Suppose I have a package and that I am interested in providing an option to end users to speed up their calculations in the presence of a NVIDIA GPU. Not everyone will benefit from this option and so I can’t add CUDA as a dependency. Is there a solution specifically designed for the CUDA.jl stack that allows package developers to add the stack as an optional dependency?
Note: I am aware of Requires.jl but I can’t afford the lack of support for semantic versioning.
Is it a problem to include CUDA as a dependency?
If there is no GPU available, you can then decide what to do.
That is also mentioned in the CUDA.jl docs.
There is a simple solution to this, which has been adopted by many packages already:
add CUDA.jl as a normal dependency
do using CUDA in your package
check at runtime if CUDA is functional or not (with CUDA.functional()) and use the GPU in function of this.
The installation of CUDA.jl as well as using CUDA and compiling CUDA.jl code will work without error on a system without GPU. Only at runtime, trying to use the GPU for real, it would fail. But, this you will avoid by not doing so if CUDA.functional() returns false.
Any system that runs Julia will successfully build CUDA.jl? How often the build fails on different OSes, platforms, etc? Ideally I would like to avoid an extra dependency, specially if it has some potential to reduce the number places where a package can run.
We put a lot of effort in making sure that CUDA.jl can be loaded, even if CUDA is not available. You can use CUDA.functional() to check if your system has CUDA available.
CUDA.jl does nothing before its first use. Even artifacts are downloaded at run time. So the only ‘cost’ is additional dependencies, and package load time. The latter can still be optimized, so if somebody’s familiar with the recent techniques for improving latency (optimizing precompilation, avoiding invalidations) that would be a valuable contribution.

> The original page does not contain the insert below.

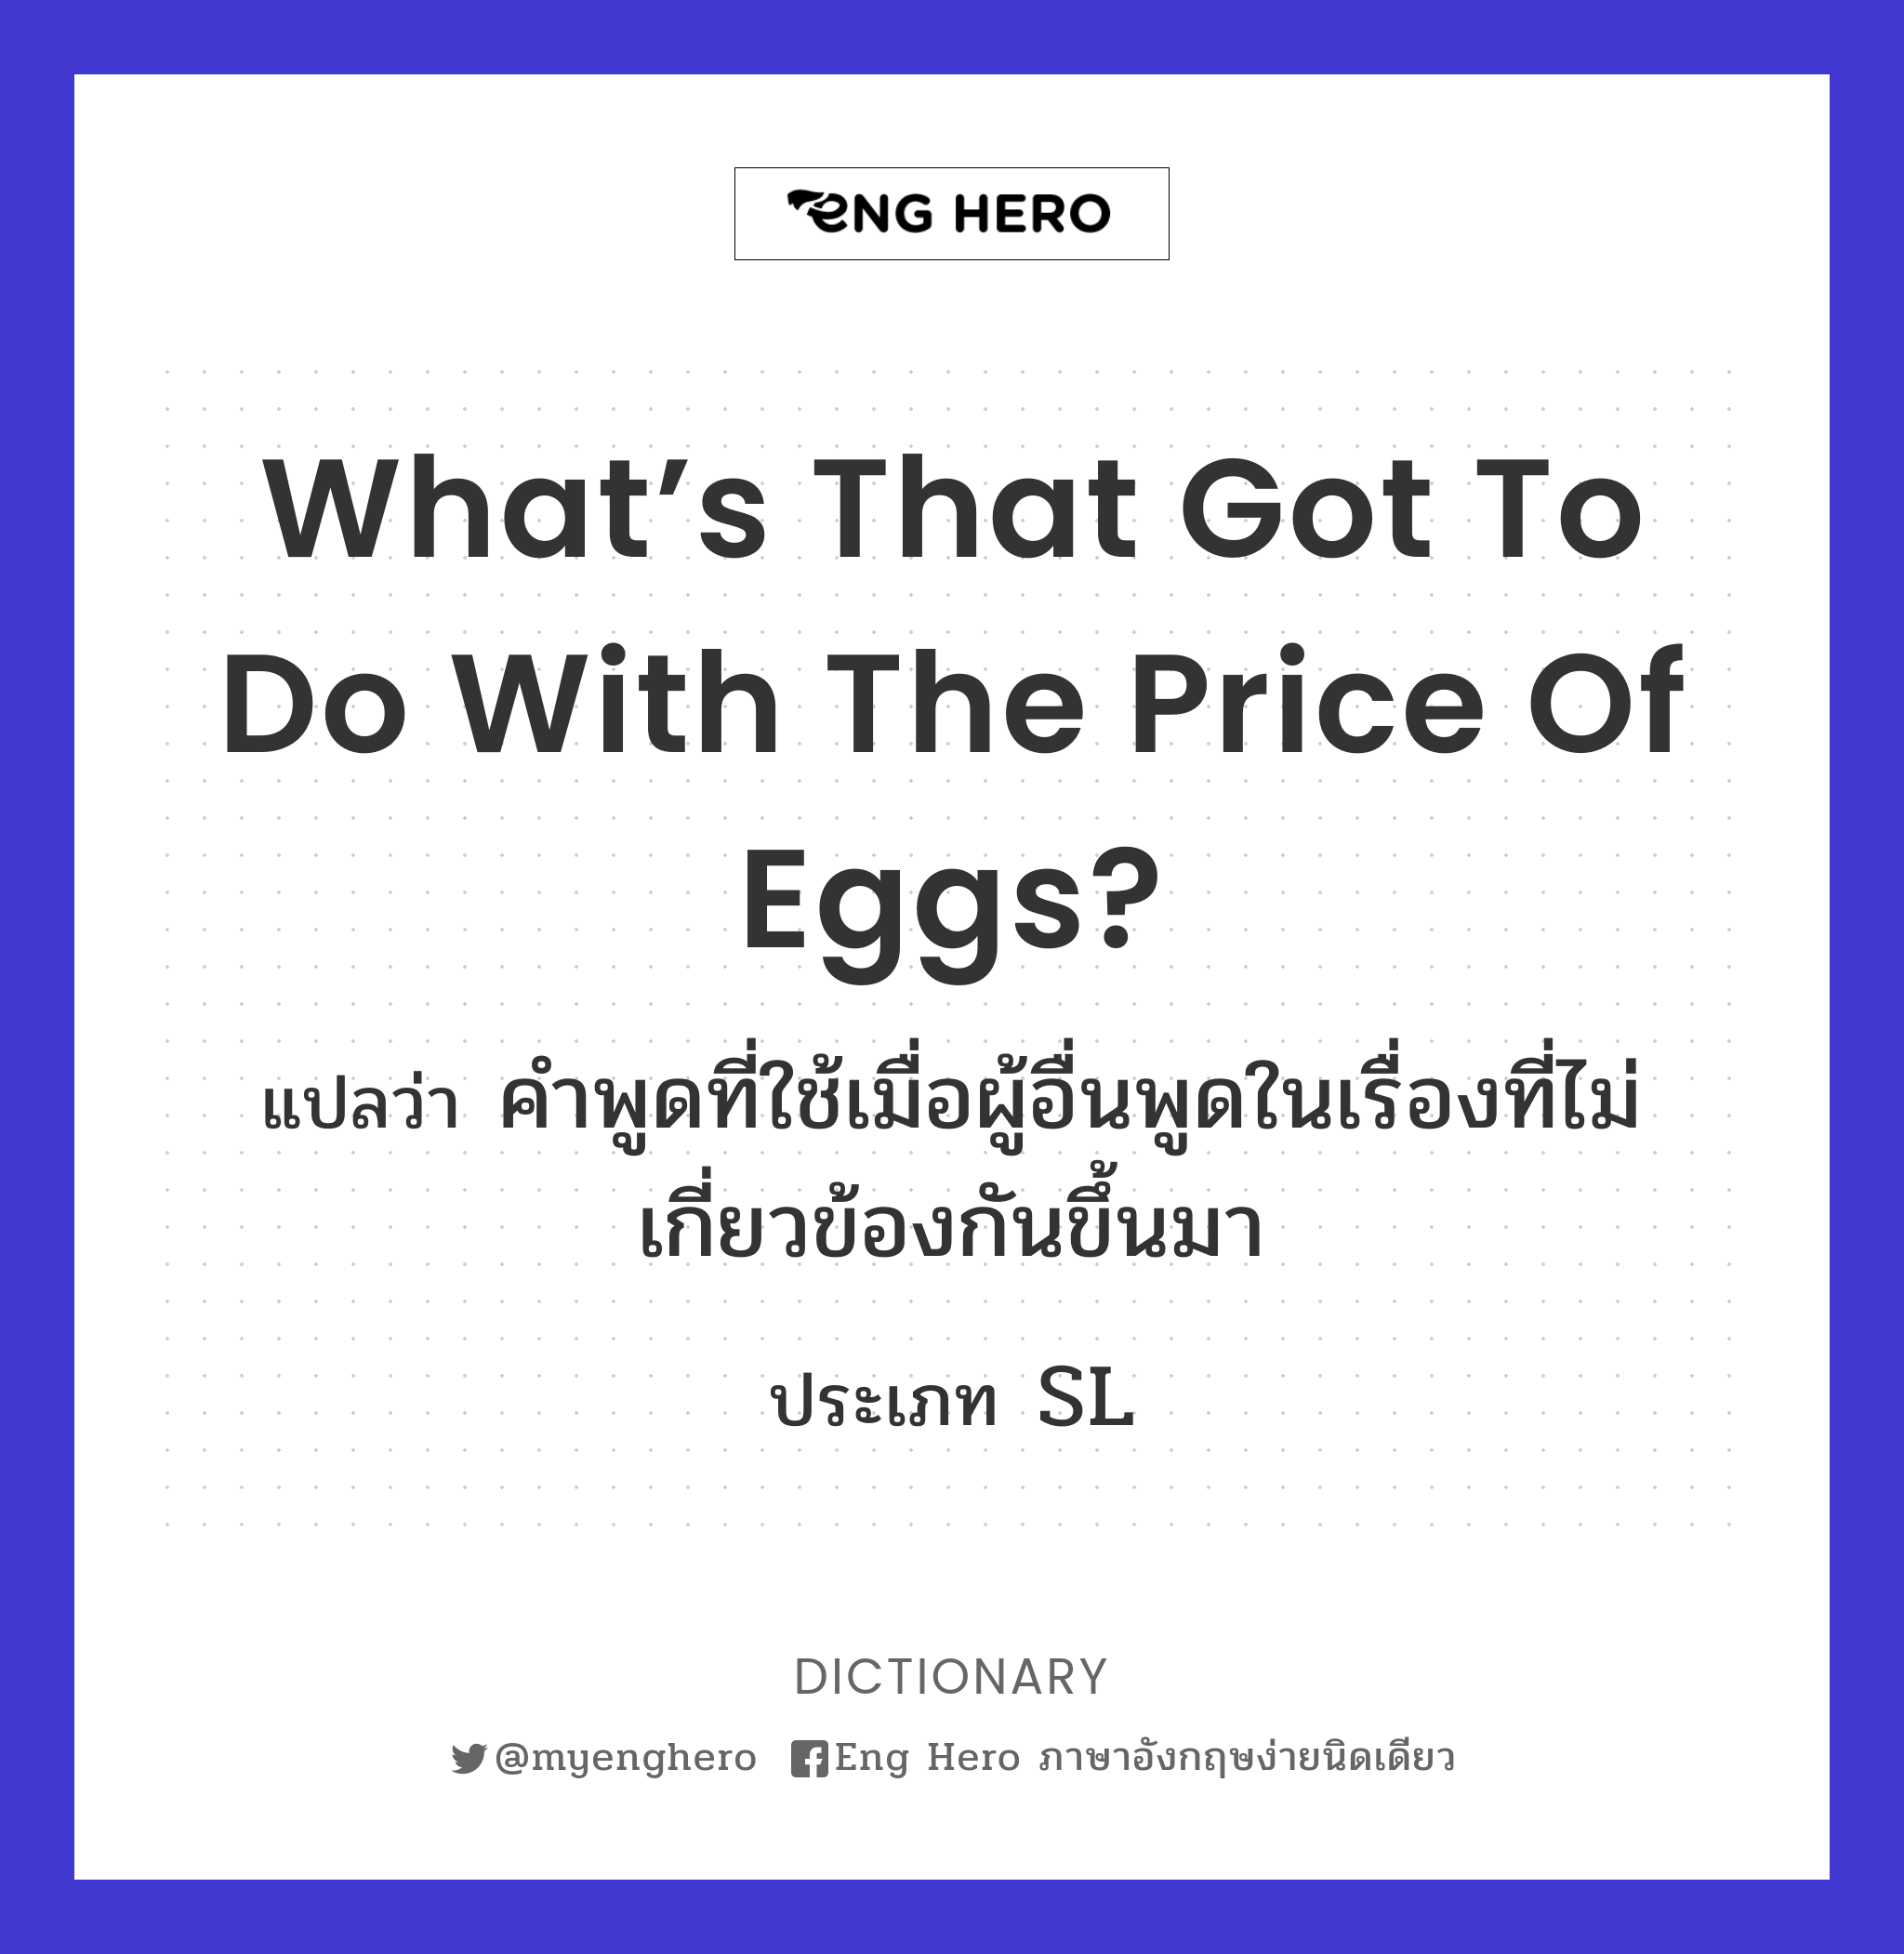 What’s that got to do with the price of eggs?

Yes, that is a big concern I have as well. Downloading a bunch of binaries and packages always seems too heavy, specially if you take into account countries under development with poor internet connection. Even though CUDA.functional() is wonderful (thanks for sharing) it still doesn’ t fully solve the issue from a software engineering perspective.

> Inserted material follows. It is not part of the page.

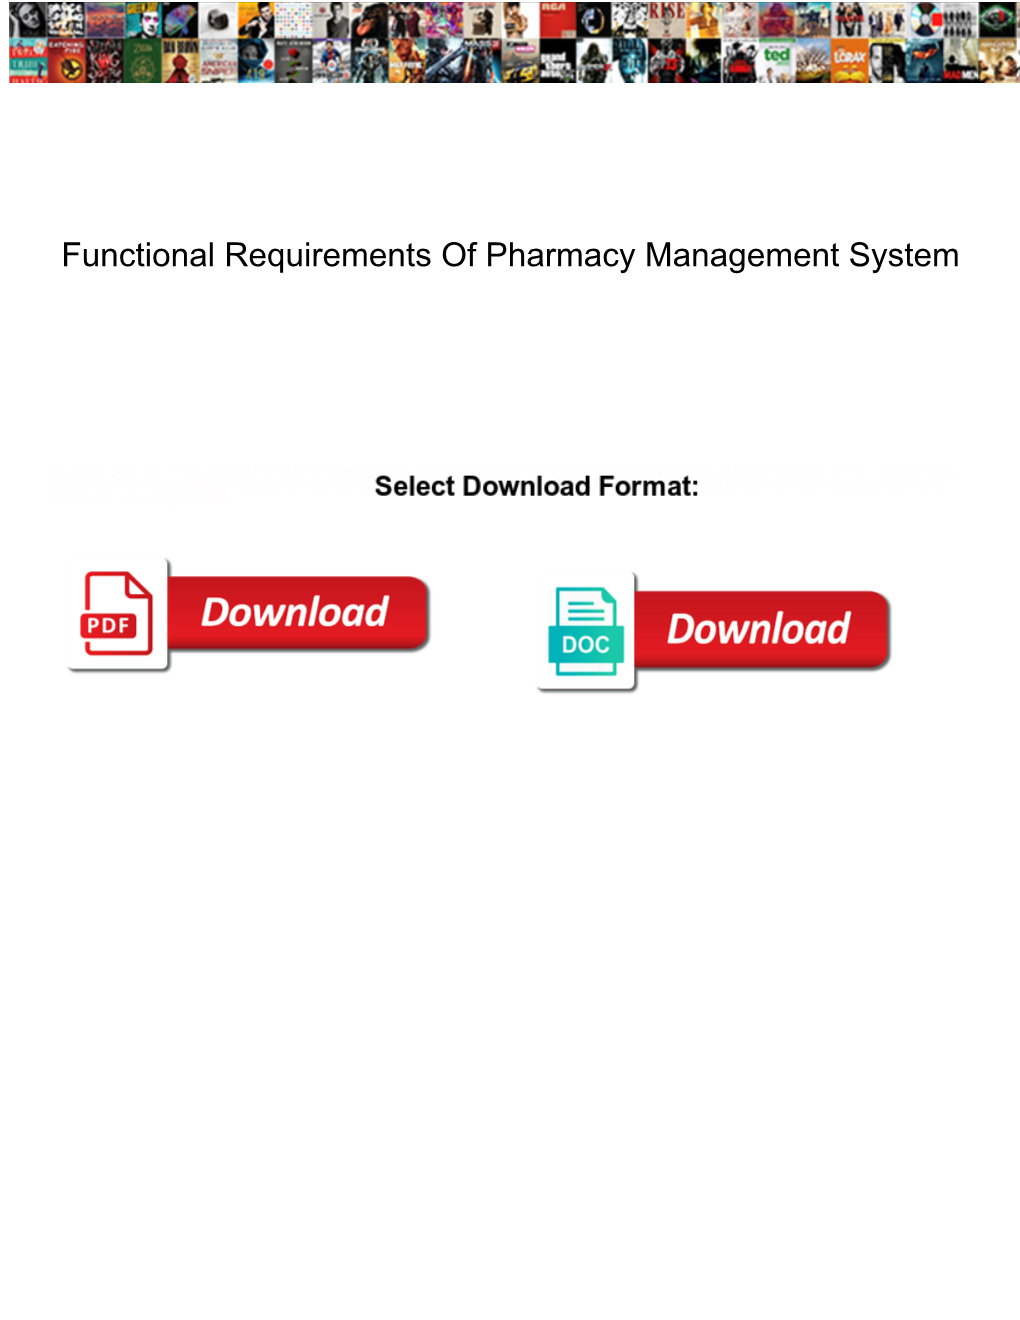 Functional Requirements of Pharmacy Management System

Maybe someday in the future we could have a julia --gpu flag or something cooked into the language like we do for threads and distributed computing? I am just wondering if that would make sense at all. No need to install CUDA, OpenCL, … dependencies manually, the language itself would have GPU support baked in.
From heaviest to lightest, which ones could potentially introduce non-trivial issues during installation? I see a lot of compiler packages, but I don’t understand how challenging it is to install these packages in old machines (thinking of students in countries under development).

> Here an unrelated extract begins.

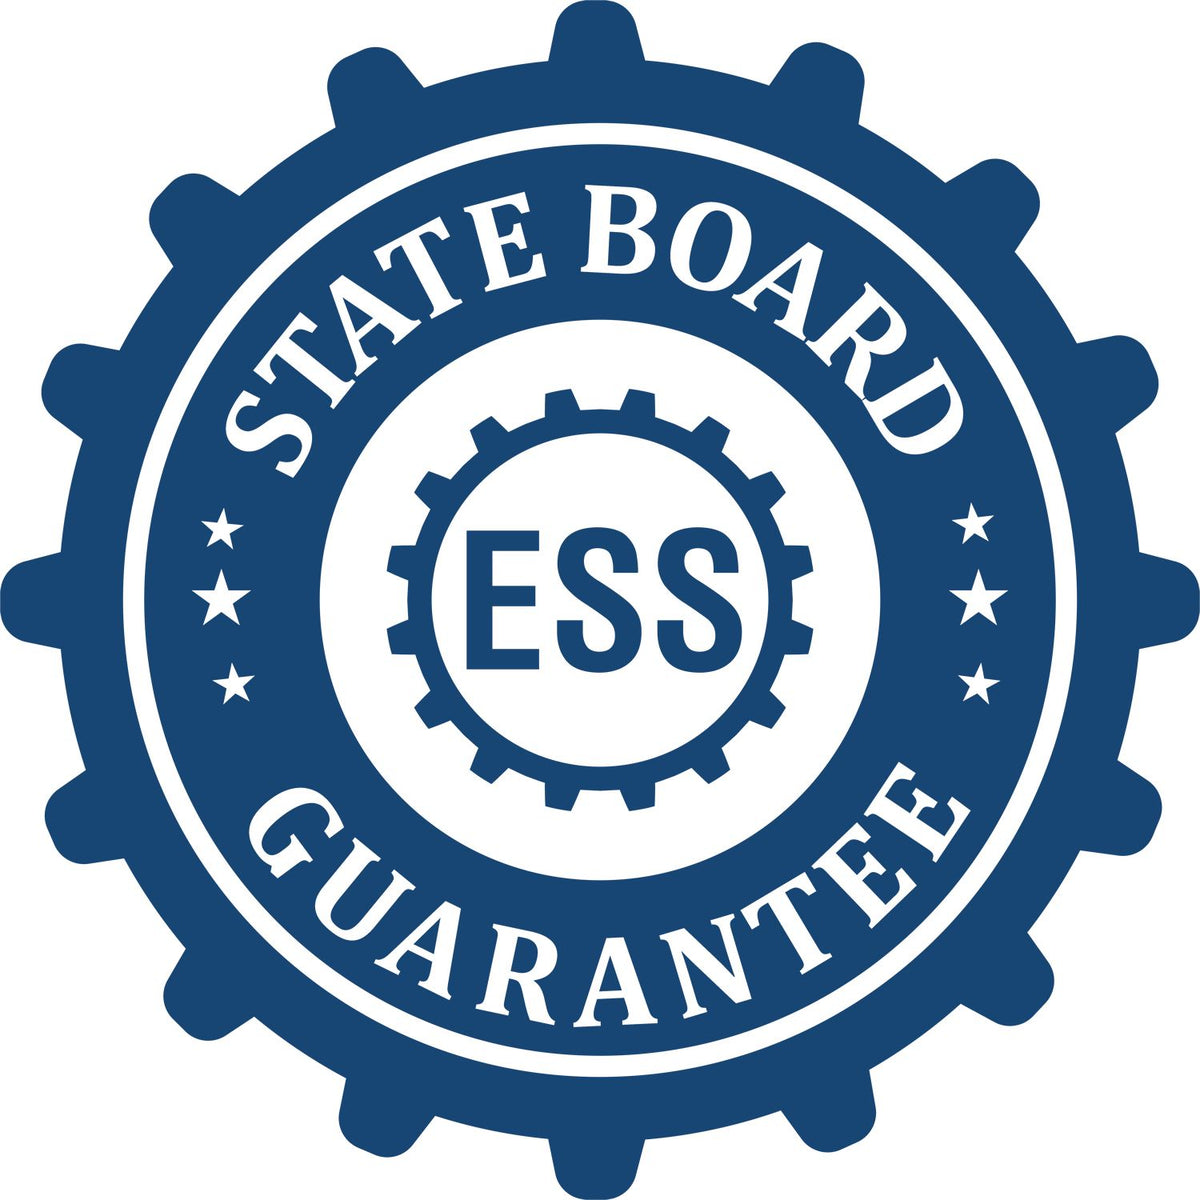 An emblem in a gear shape illustrating a state board guarantee for the Hybrid Arizona Landscape Architect Seal

No, most of those packages are fairly small. We’ve taken care to isolate larger dependencies in separate packages (like NNlibCUDA.jl) or by using Requires.jl
There’s a couple of packages that require binary dependencies, but those work well enough nowadays to not be a problem.
from the fact that one of the binary libraries may link against CUDA_jll.
SCS is a tiny (100sKB) C-library; we ship separate SCS_GPU_jll which has CUDA_full_jll as build dep only. The aim is to add the gpu functionality to the package only conditionally, when CUDA_full is already present.
You mean CUDA_jll? CUDA_full_jll should never be present, as you mention it’s a build dep only.
That said, currently the way CUDA.jl handles its CUDA toolkit dependency is entirely separate from CUDA_jll.jl. We hope to unify that in the future, but as of now you can’t have both loaded at the same time.
We use CUDA_full_jll as build dep and require users to using CUDA_jll before using SCS;
This way we can define gpu-related functionality in SCS.jl through Requires and only include it when CUDA is present. This e.g. defines some constants in the package.
However, maybe it’s time to revisit the solution. What do you suggest?
That’s the correct set-up indeed, but you mentioned CUDA_full twice in your previous post, so I assume you meant CUDA_jll. This solution doesn’t integrate with CUDA.jl yet, but I hope to take another look at this in the new year.
It seemed like an interesting idea to ask for computational resources explicitly in user scripts. If the language had this notion of resource built-in we could switch between different resources without depending on packages I guess? Just a set of abstract types defining the resources and a convention to implement all Base methods with resources as the first argument when possible. Falling back to the CPU.